How Go 1.24’s New Spinning Mutex Boosts Performance by Up to 70%

Background

Rhys Hiltner proposed a mutex performance improvement in 2024 [1]; the optimization has been merged into the upcoming Go 1.24 release and can increase performance by up to 70% in highly contended scenarios.

In the ChanContended benchmark the author observed that increasing GOMAXPROCS caused mutex performance to degrade sharply. On an Intel i7‑13700H (linux/amd64):

With 4 threads the process throughput is half of the single‑threaded case.

With 8 threads the throughput halves again.

With 12 threads the throughput halves once more.

At GOMAXPROCS=20, 200 channel operations take an average of 44 µs, invoking unlock2 about every 220 ns and waking a sleeping thread each time. Over a 1.78 s wall‑clock interval, the 20 threads spend a total of 27.74 s in CPU (spinning) during lock2 calls.

New Proposal: Add Spinning State

Analysis shows that the current lock2 implementation allows threads to sleep in theory, but in practice all threads spin, causing slower lock hand‑off and high CPU consumption. The author therefore submitted the design "Proposal: Improve scalability of runtime.lock2" [2].

Core Optimizations

The mutex state word now includes a new flag called spinning .

const (
    mutexLocked   = 0x001
    mutexSleeping = 0x002
    mutexSpinning = 0x100
    ...
)

The spinning bit indicates that a thread is "awake and actively trying to acquire the lock". Threads compete for the spinning state but do not block while attempting to set the flag.

Details on mutex can be found in earlier articles: https://pub.huizhou92.com/go-source-code-sync-mutex-3082a25ef092 [3]

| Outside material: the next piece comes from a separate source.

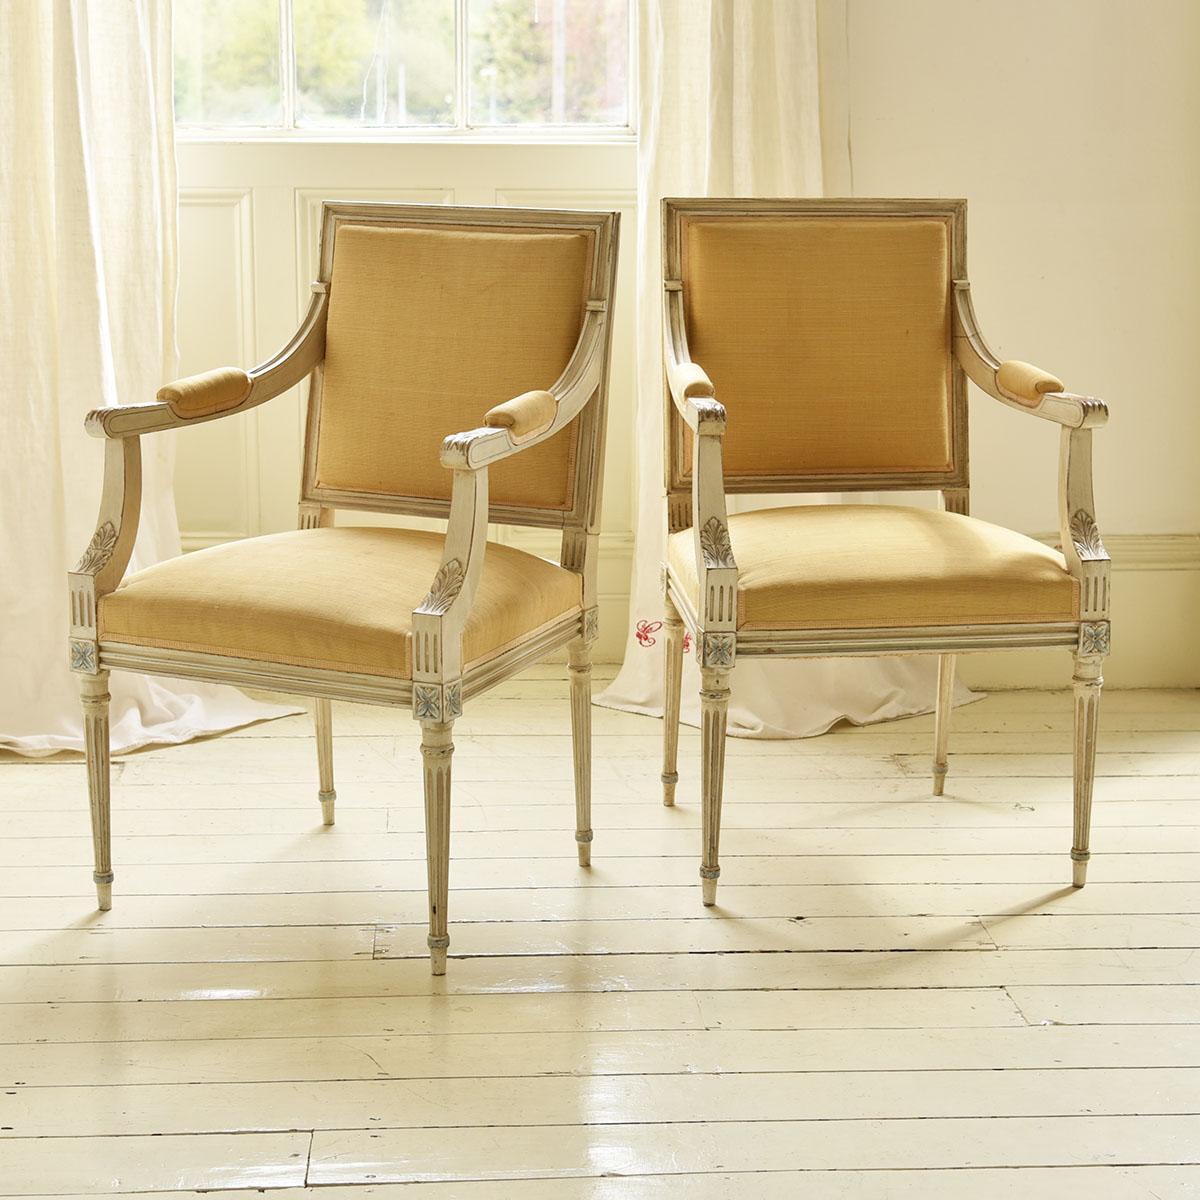 Pair of Gustavian chairs

Mutex Lock Acquisition Analysis

1. Fast Path Attempt to Acquire Lock

//https://github.com/golang/go/blob/adc9c455873fef97c5759e4811f0d9c8217fe27b/src/runtime/lock_spinbit.go#L160
k8 := key8(&l.key)
v8 := atomic.Xchg8(k8, mutexLocked)
if v8&mutexLocked == 0 {
    if v8&mutexSleeping != 0 {
        atomic.Or8(k8, mutexSleeping)
    }
    return
}

The fast path behaves similarly to previous versions: if the lock is free it returns immediately, representing the ideal case with no contention.

2. Spinning Wait Phase

//https://github.com/golang/go/blob/adc9c455873fef97c5759e4811f0d9c8217fe27b/src/runtime/lock_spinbit.go#L208
if !weSpin && v&mutexSpinning == 0 && atomic.Casuintptr(&l.key, v, v|mutexSpinning) {
    v |= mutexSpinning
    weSpin = true
}
if weSpin || atTail || mutexPreferLowLatency(l) {
    if i < spin {
        procyield(mutexActiveSpinSize) // active spin
    } else if i < spin+mutexPassiveSpinCount {
        osyield() // passive spin
    }
}

If the fast path fails, execution enters the spinning phase.

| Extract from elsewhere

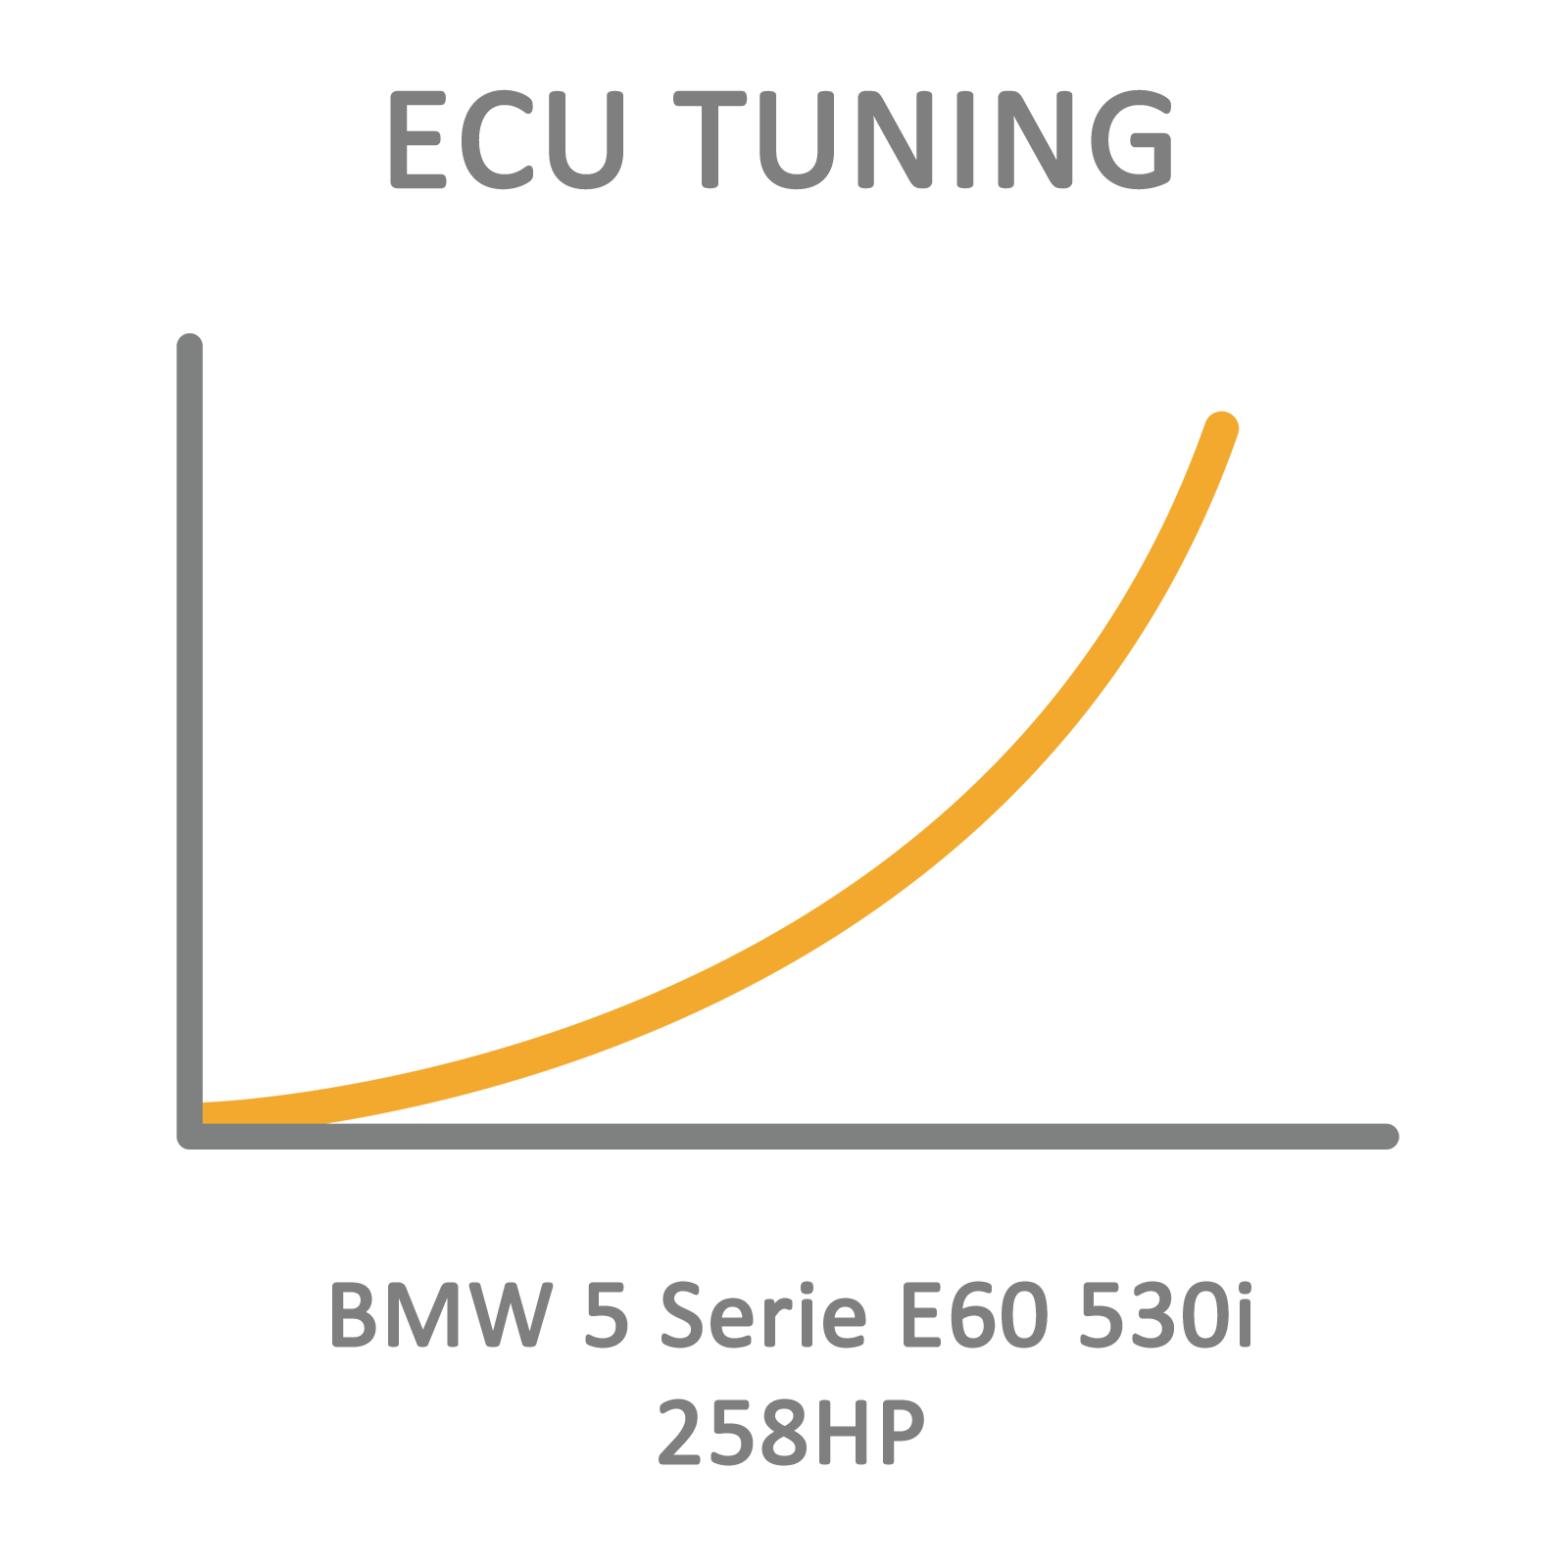 BMW 5 Series E60 530i 258HP ECU Tuning Remapping Programming

The mutexSpinning flag ensures that only one goroutine spins at a time.

Active spin ( procyield) keeps the CPU busy for very short waits, while passive spin ( osyield) yields the CPU for longer waits, balancing latency and CPU usage.

Light contention uses active spin for low latency; heavy contention quickly switches to passive spin to avoid wasting CPU cycles.

Sleep Wait Phase

//https://github.com/golang/go/blob/adc9c455873fef97c5759e4811f0d9c8217fe27b/src/runtime/lock_spinbit.go#L231
// Store the current head of the list of sleeping Ms in our gp.m.mWaitList.next field
gp.m.mWaitList.next = mutexWaitListHead(v)
// Pack a (partial) pointer to this M with the current lock state bits
next := (uintptr(unsafe.Pointer(gp.m)) &^ mutexMMask) | v&mutexMMask | mutexSleeping
if weSpin {
    next = next &^ mutexSpinning
}
if atomic.Casuintptr(&l.key, v, next) {
    weSpin = false
    semasleep(-1)
    atTail = gp.m.mWaitList.next == 0
    i = 0
}

If spinning fails, the goroutine sleeps, is added to the wait list, and is woken up by a semaphore when the lock is released.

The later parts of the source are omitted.